Returns for private landlords have dropped in recent years, while strong returns have instead come from investing in corporate residential landlords, according new research by BondMason.
The property investment specialist has created a new index to help private landlords and investors benchmark the performance of their residential property investments, which makes compelling reading for private landlords.
The index shows that despite seeing strong returns for the last few decades, many private landlords would have done better if they had sold their properties three years ago, as tax changes started to bite, and invested in listed corporate landlords instead.
Figures from BondMason’s research reveals that the average private landlord has gained a post-tax return of +16.9% over the last three years (from 1 April 2016 to 1 April 2019 – source BondMason analysis; for higher-rate tax payers, assuming 65% loan to value mortgage, 3% p.a. interest; and a 4.5% rental yield).
BondMason’s BRIX shows investors in corporate residential landlords have seen a return of +37.7% (BondMason BRIX is the Residential Property Investment Index, comprising Britain’s biggest residential property investment listed companies and funds – also from 1 April 2016 to 1 April 2019).
Meanwhile, the average price of a residential property in Britain has increased by 6% over the past three years (from March 2016 to 2019), according to the Nationwide house price index.
Stephen Findlay, the CEO of BondMason, said: “Britain has around 2.5 million private landlords. Their number has grown for decades, but recent tax changes and increasing regulations have left many wondering if the financial gain is worth the cost and hassle to maintain the property, do the administration and deal with tenants.
“Our calculations show over the past few years the likely post-tax gain for the typical private landlord has declined substantially, concluding that for most private landlords the hassle is no longer worth it.
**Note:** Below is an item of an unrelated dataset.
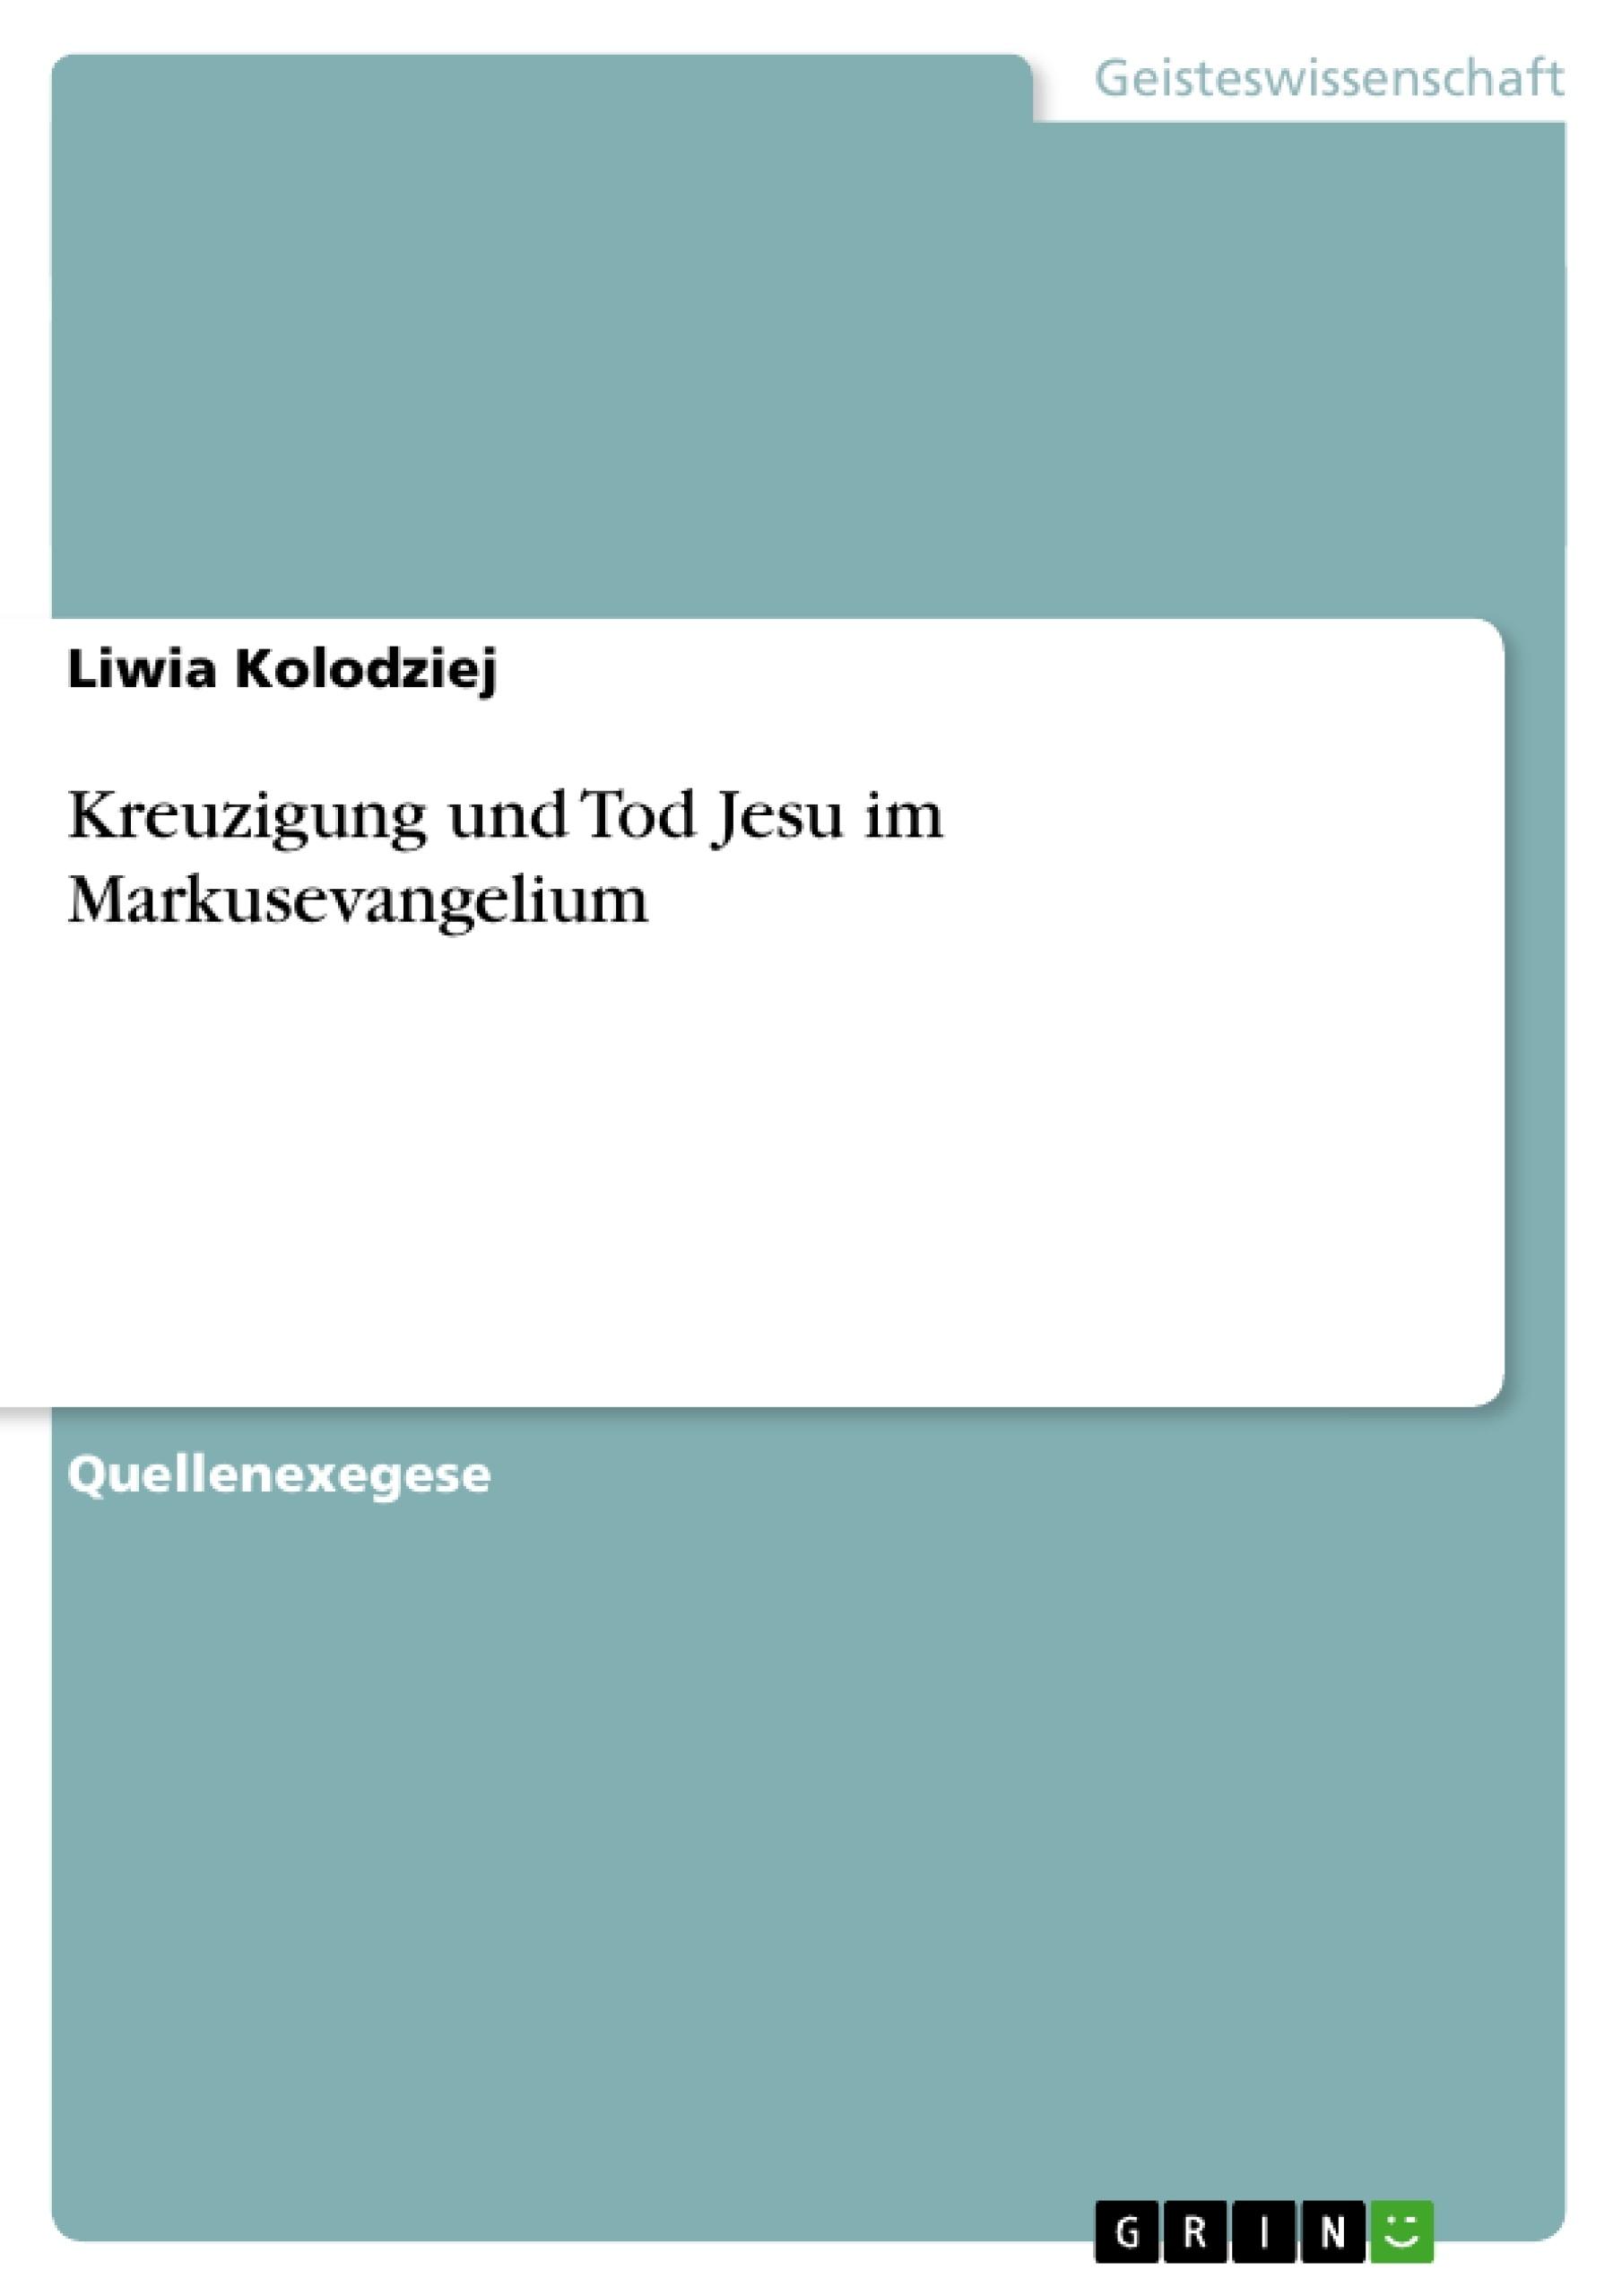 Titel: Kreuzigung und Tod Jesu im Markusevangelium
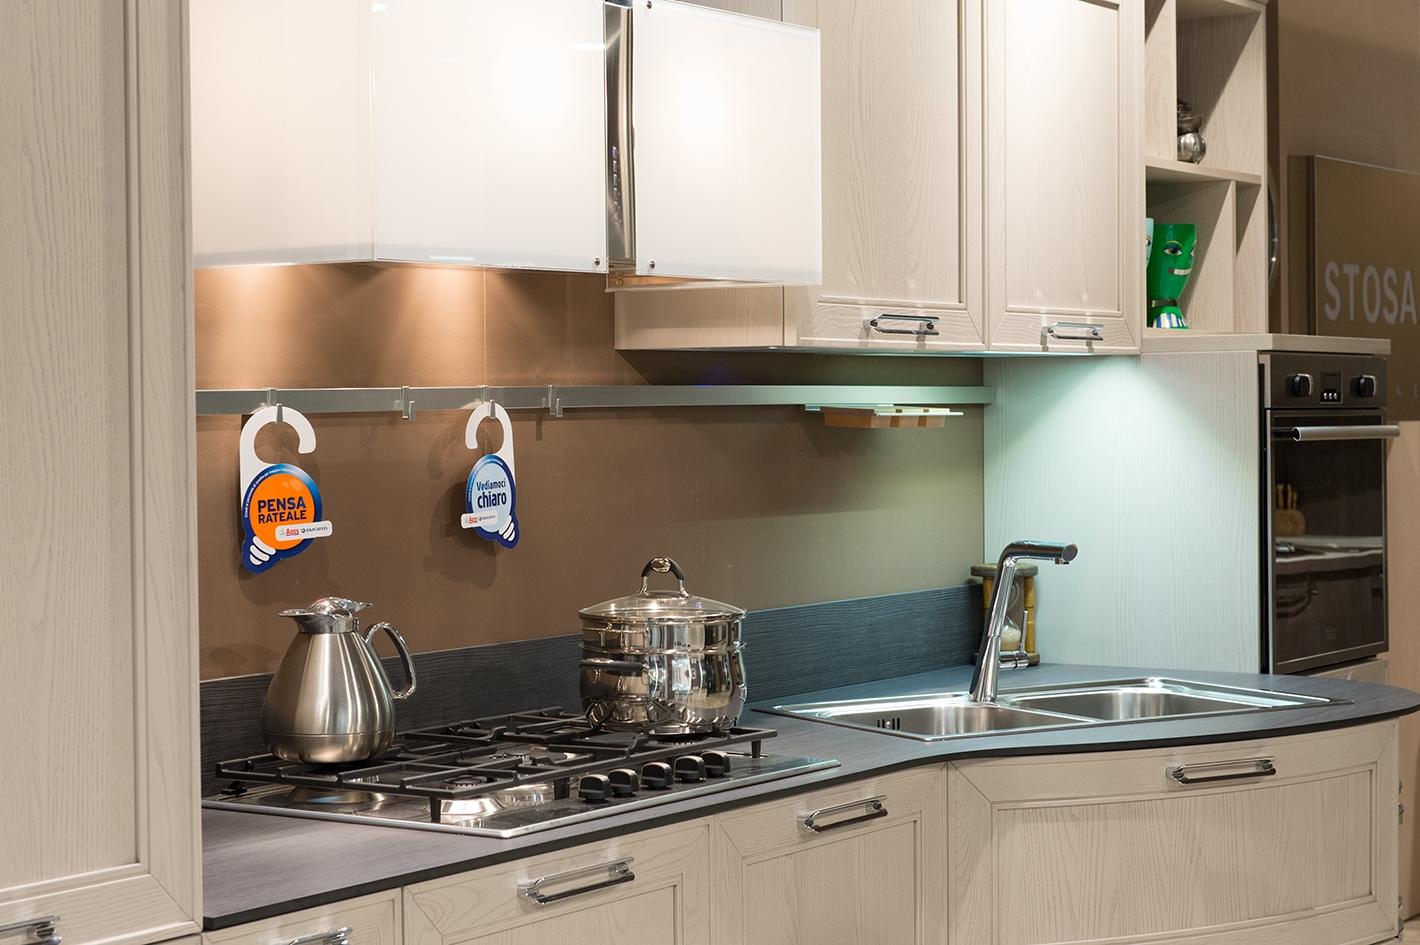 Cucina stosa maxim in offerta 22238 cucine a prezzi scontati for Cucine in offerta

With hindsight, many would have been better off selling up a few years ago, ending the time-consuming activity of dealing with tenants, and instead investing their money with listed corporate landlords.
“Looking ahead, our research also predicts worse is yet to come. Many private landlords may start to struggle to balance the annual costs of owning a rental property, with the post-tax rental income received, particularly in areas of lower rental yield, as the allowable mortgage tax deductions continue to decline. This month the Mortgage Interest Relief continues to phase in, and by next year landlords will be restricted to claiming a basic rate of income tax (20%) on their mortgage interest costs, while having to pay their full tax rate on the rental income.
“In some cases, landlords will have seen their tax bills double or even treble over the last few years. I would not be surprised to see many private landlords making no income or even a loss next year as this change takes effect. This may lead to more and more landlords thinking again about their buy to let investment portfolios.”
The declining post-tax returns generated by private landlords contrasts with the strong growth and surge in the value of the growing number of corporate residential landlords; some of which are listed on the stock market.
This is because they are able to benefit from lower tax charges than individual landlords, and a full tax deduction of debt interest costs, as well as a £4.5bn injection from the government to support the Build-to-Rent sector.
Findlay added: “Historically the UK rental market has been dominated by private landlords, but that is now changing following the increased tax burden and new regulations which make it harder to generate a positive income each year.
“These companies are filling the gap left by smaller private landlords exiting the market, satisfying the strong demand for rental properties, particularly from first-time buyers continuing to be priced out of the housing market in many areas.
“Our expectation is that we may soon see the peak in terms of the proportion of houses owned by individual private landlords, and that proportion will start to decline, unless tax legislation is changed or reversed.”